**REQUIREMENT**
The lines to copy run from the one containing "Der Wien Tourismus" to the end of the listing. Please write them out exactly, minus the pictures.
####
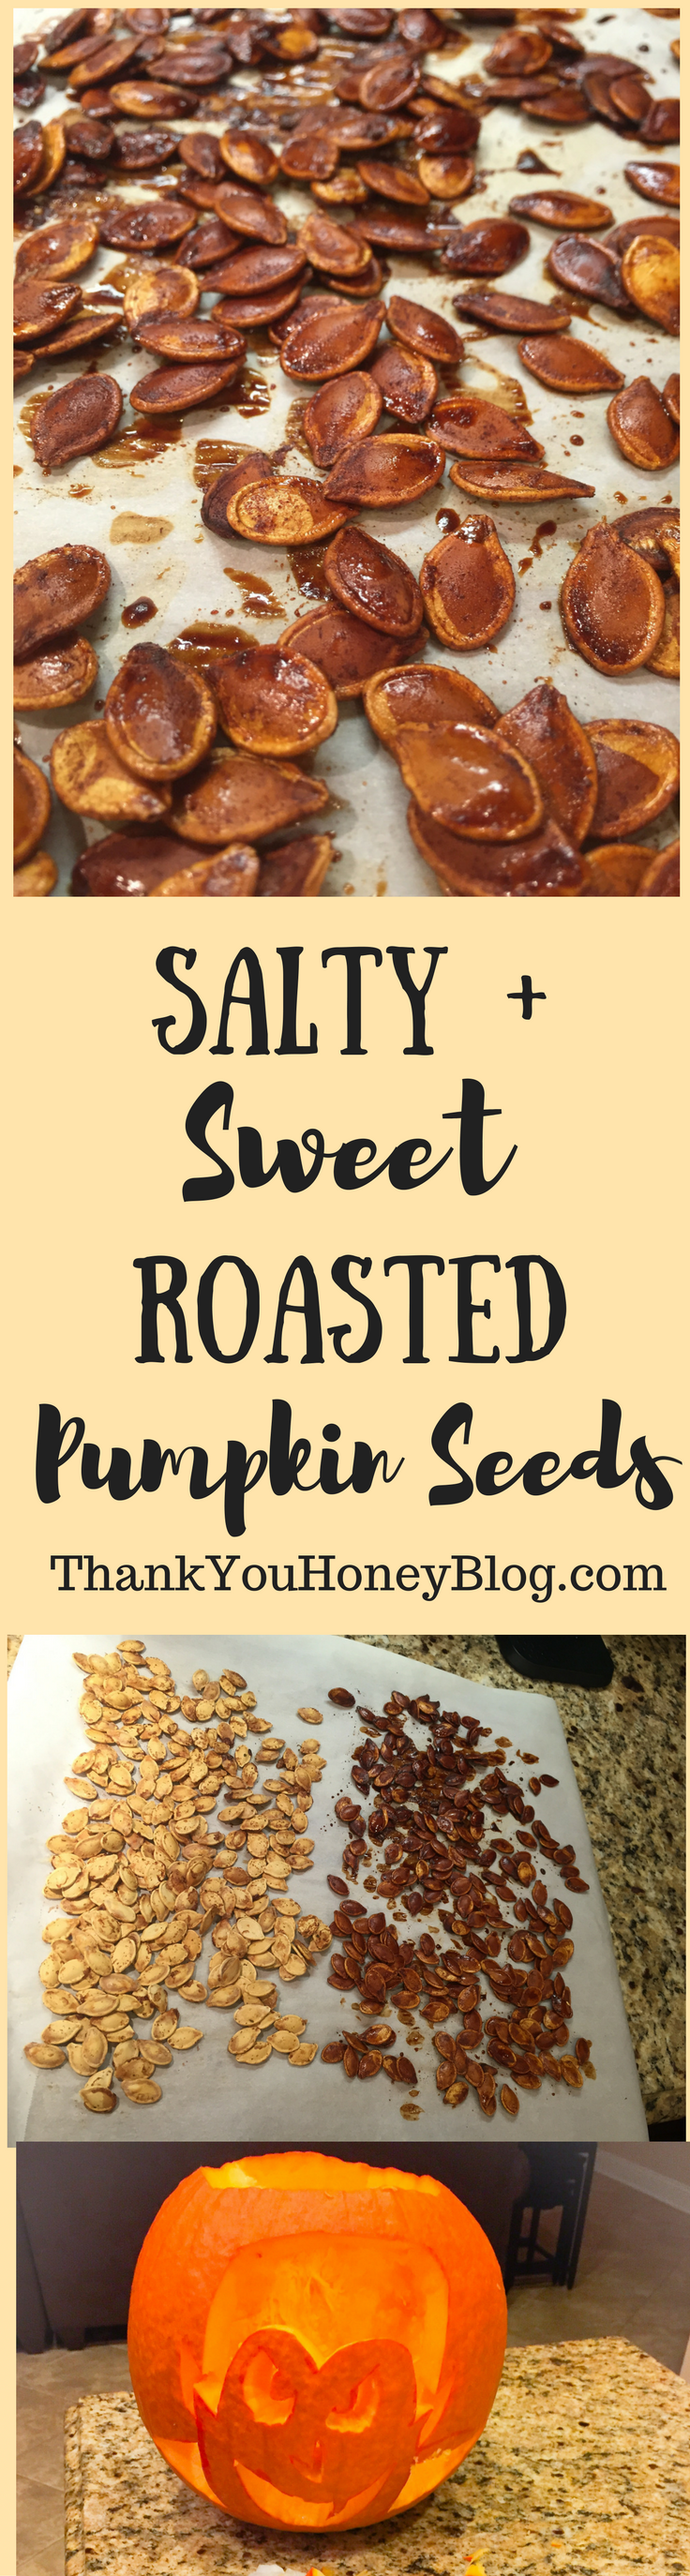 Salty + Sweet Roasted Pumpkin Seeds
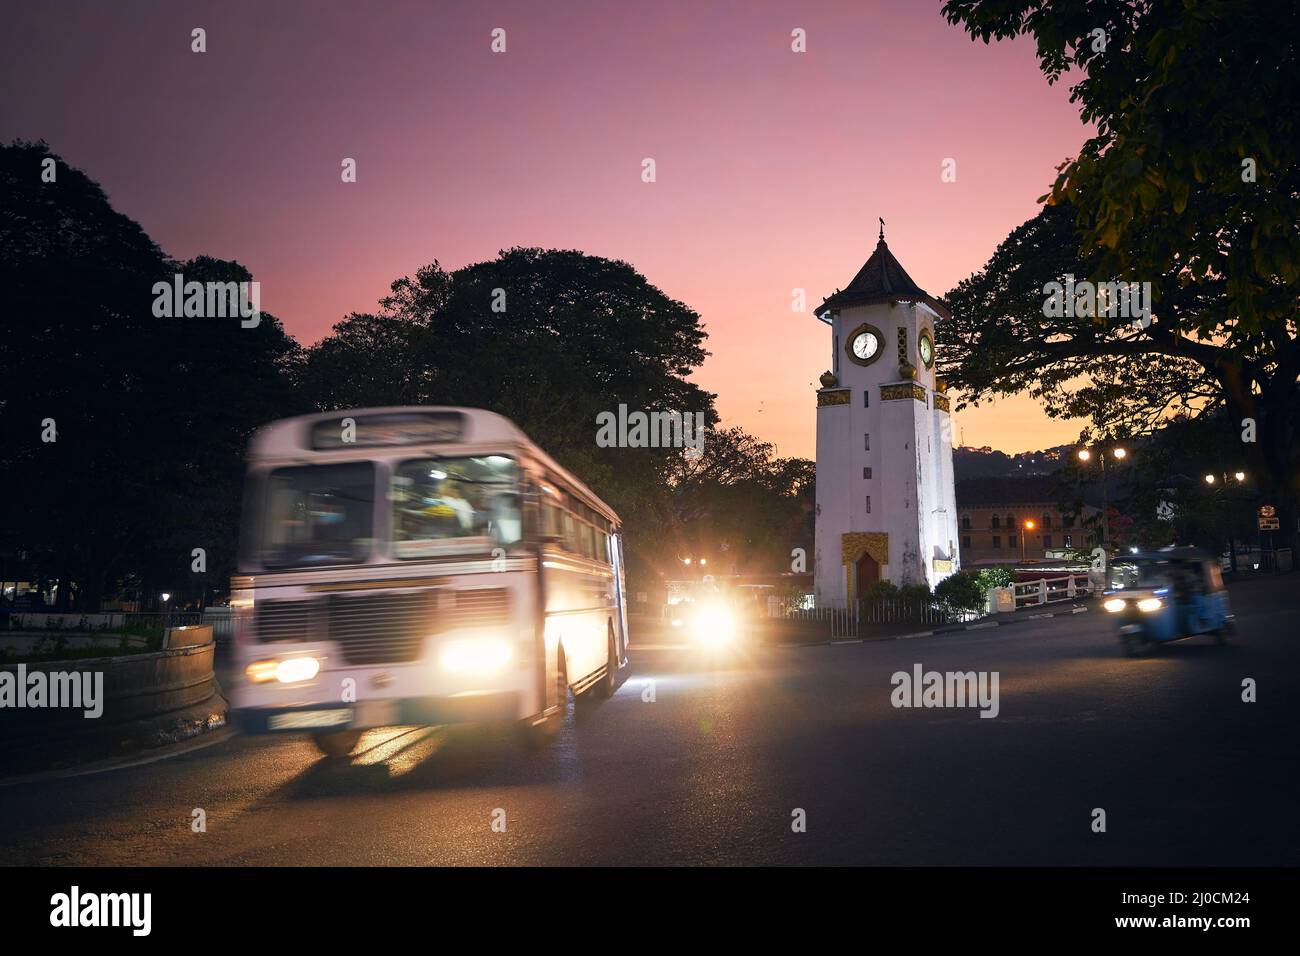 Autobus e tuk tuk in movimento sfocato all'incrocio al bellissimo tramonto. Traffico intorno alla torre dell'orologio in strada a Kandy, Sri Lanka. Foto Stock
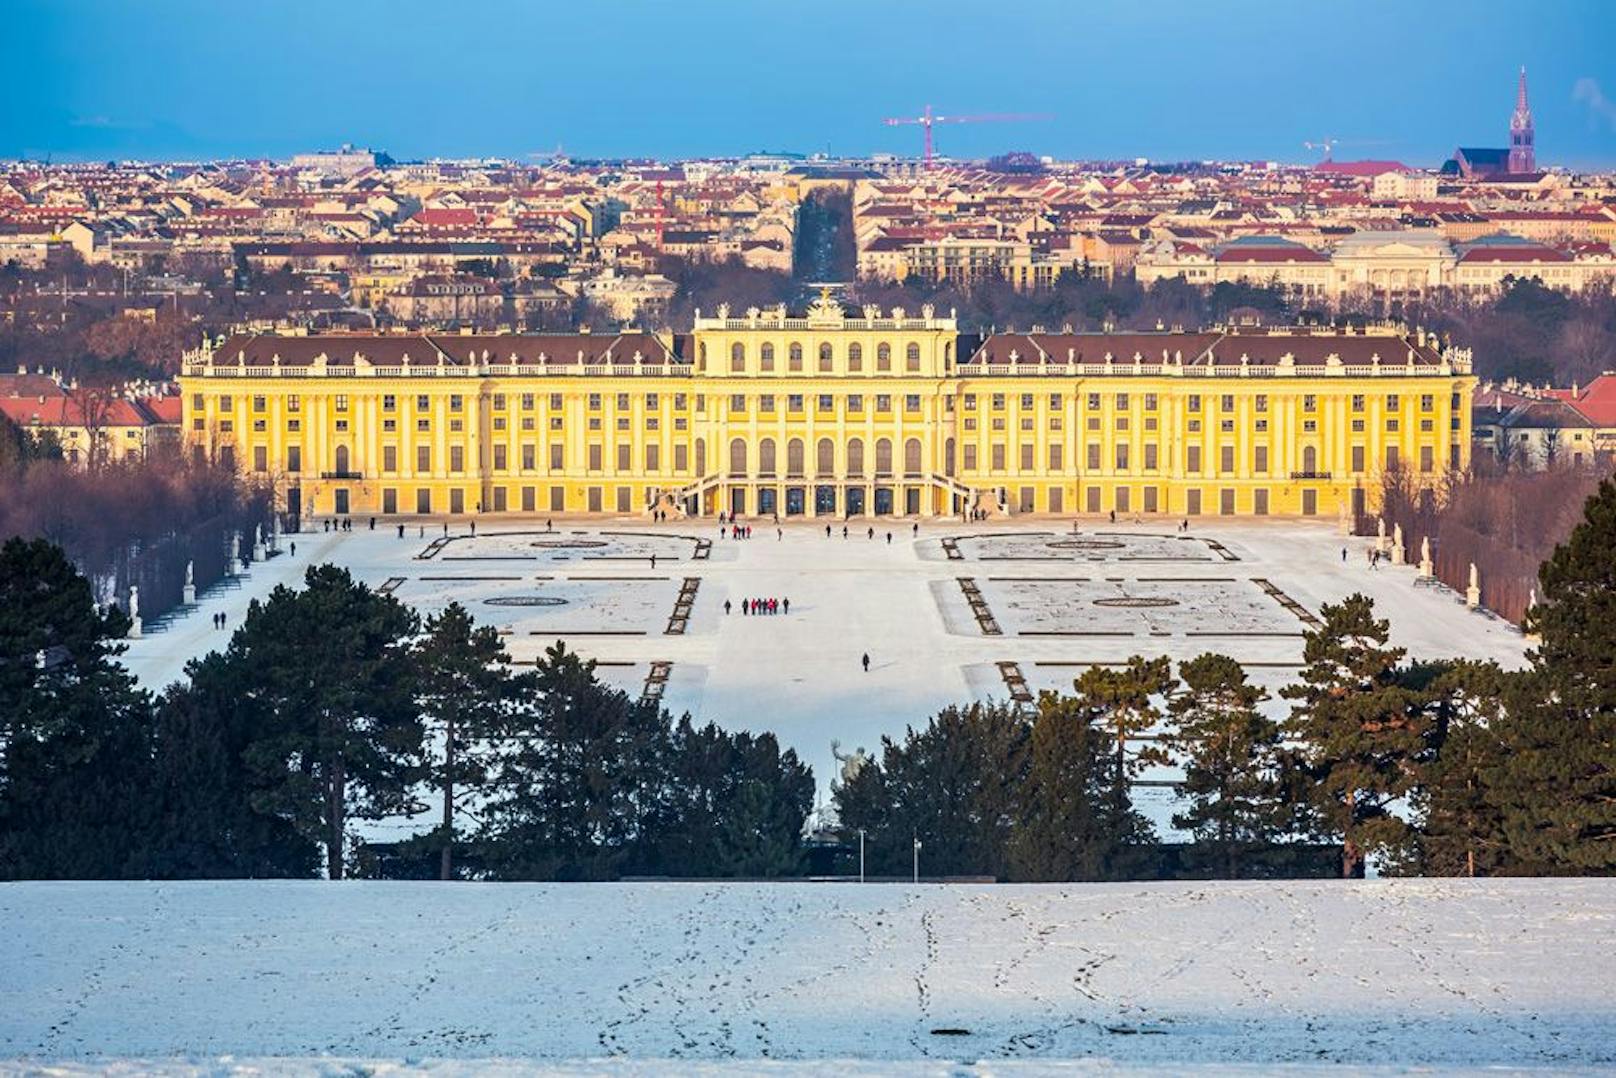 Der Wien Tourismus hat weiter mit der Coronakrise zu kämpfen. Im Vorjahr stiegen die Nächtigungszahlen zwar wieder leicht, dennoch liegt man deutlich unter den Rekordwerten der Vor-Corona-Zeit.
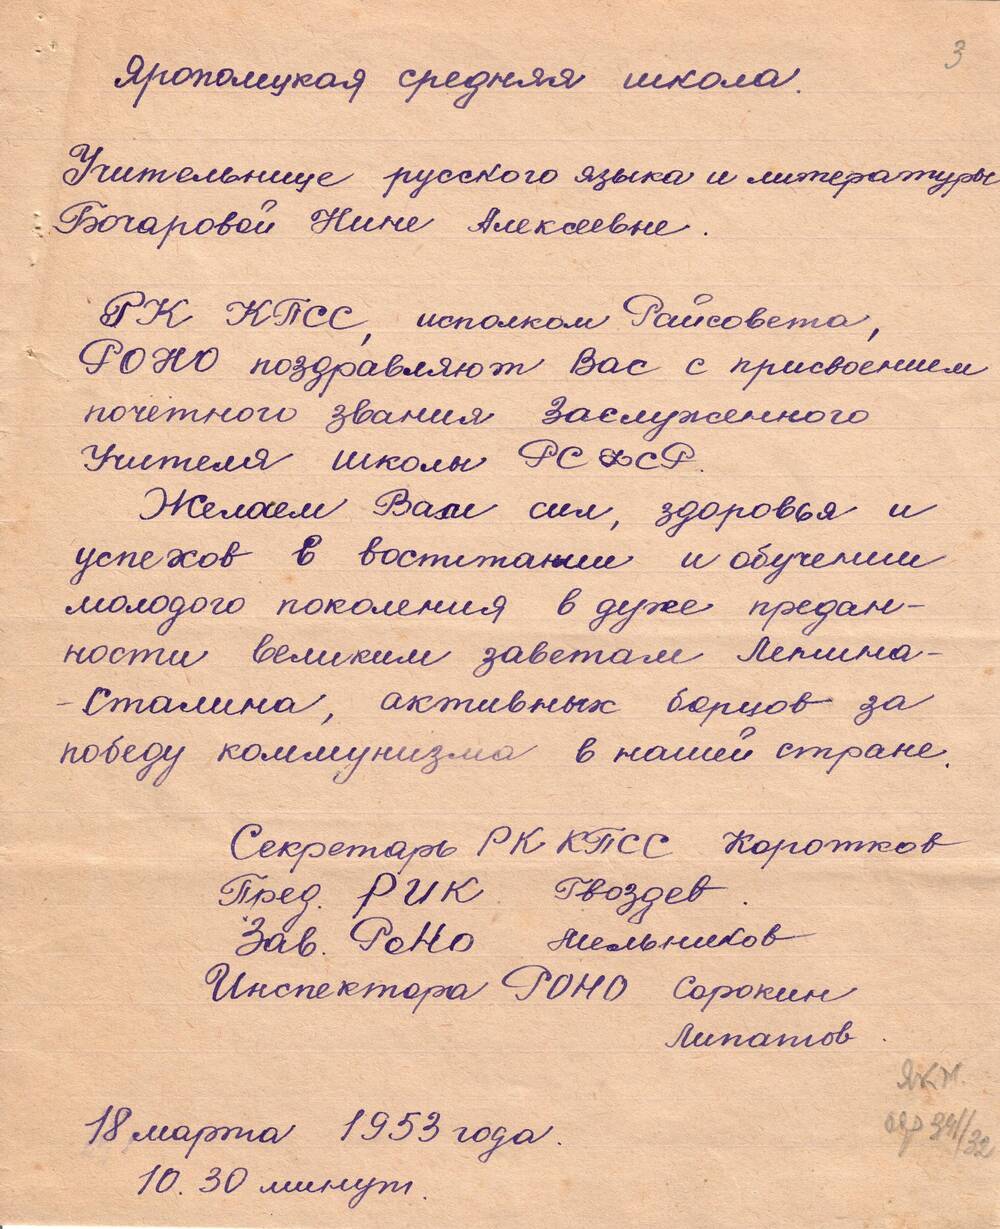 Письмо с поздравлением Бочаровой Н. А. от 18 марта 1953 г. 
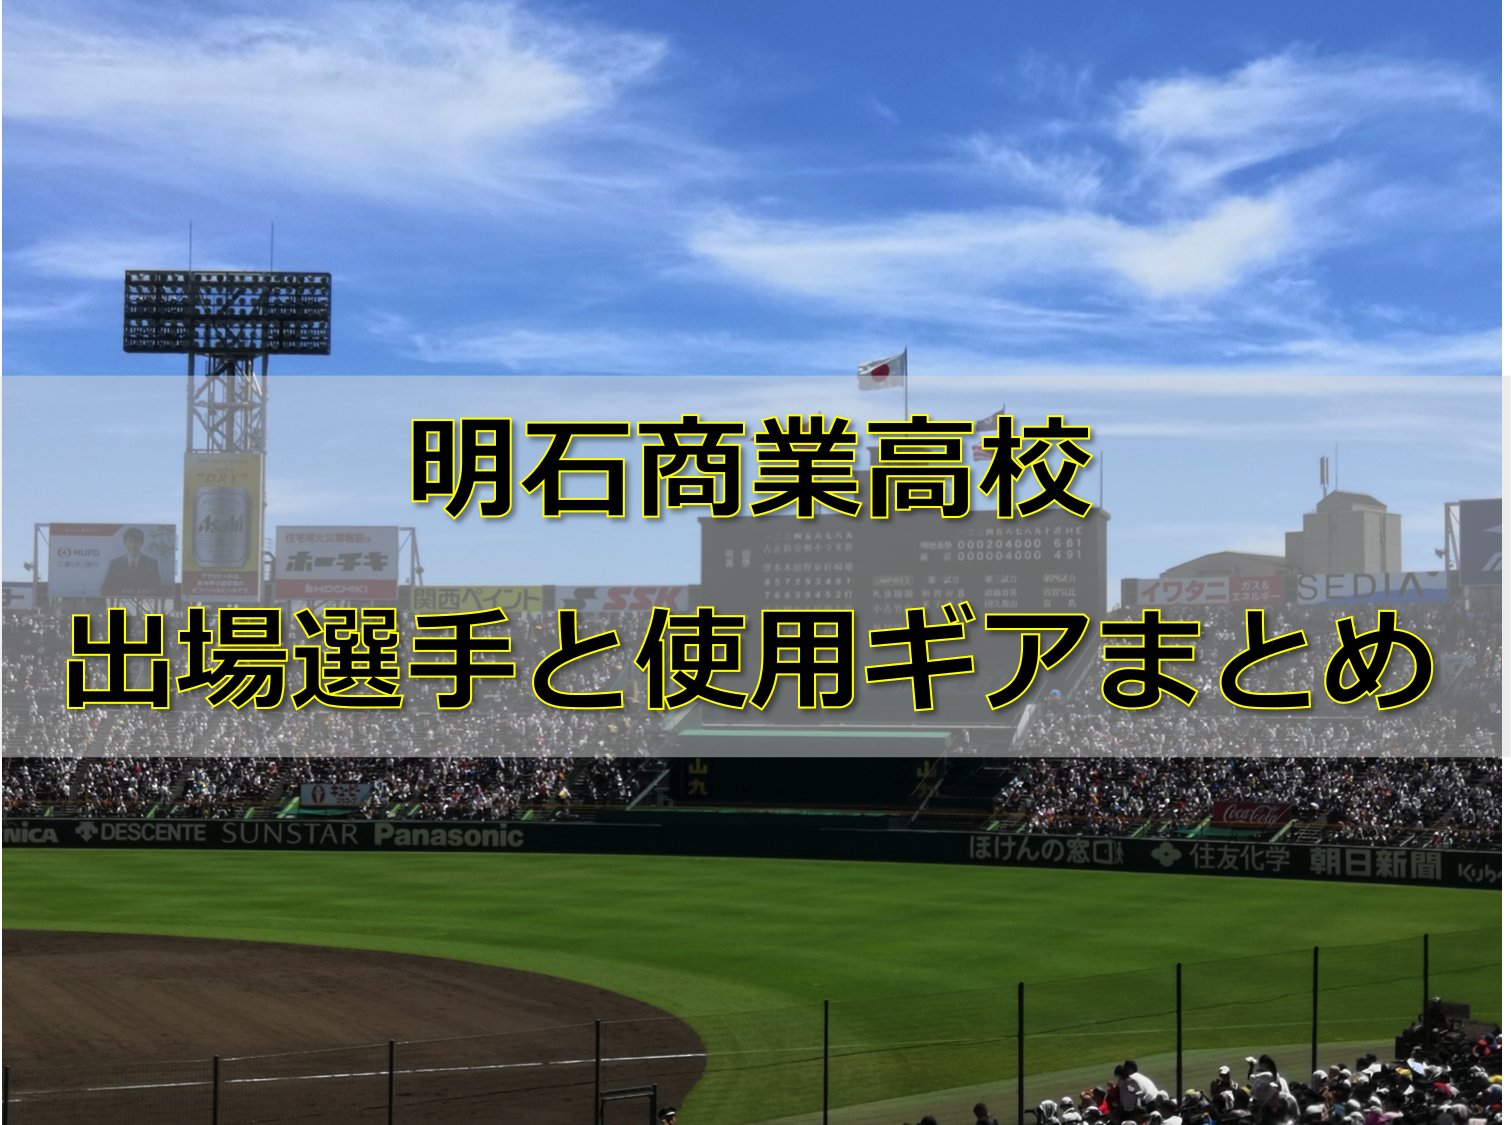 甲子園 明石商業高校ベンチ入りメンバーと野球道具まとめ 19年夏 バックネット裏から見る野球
####
**ANSWER BOX**
 Der Wien Tourismus hat weiter mit der Coronakrise zu kämpfen. Im Vorjahr stiegen die Nächtigungszahlen zwar wieder leicht, dennoch liegt man deutlich unter den Rekordwerten der Vor-Corona-Zeit.
 Письмо с поздравлением Бочаровой Н. А. от 18 марта 1953 г. 
 甲子園 明石商業高校ベンチ入りメンバーと野球道具まとめ 19年夏 バックネット裏から見る野球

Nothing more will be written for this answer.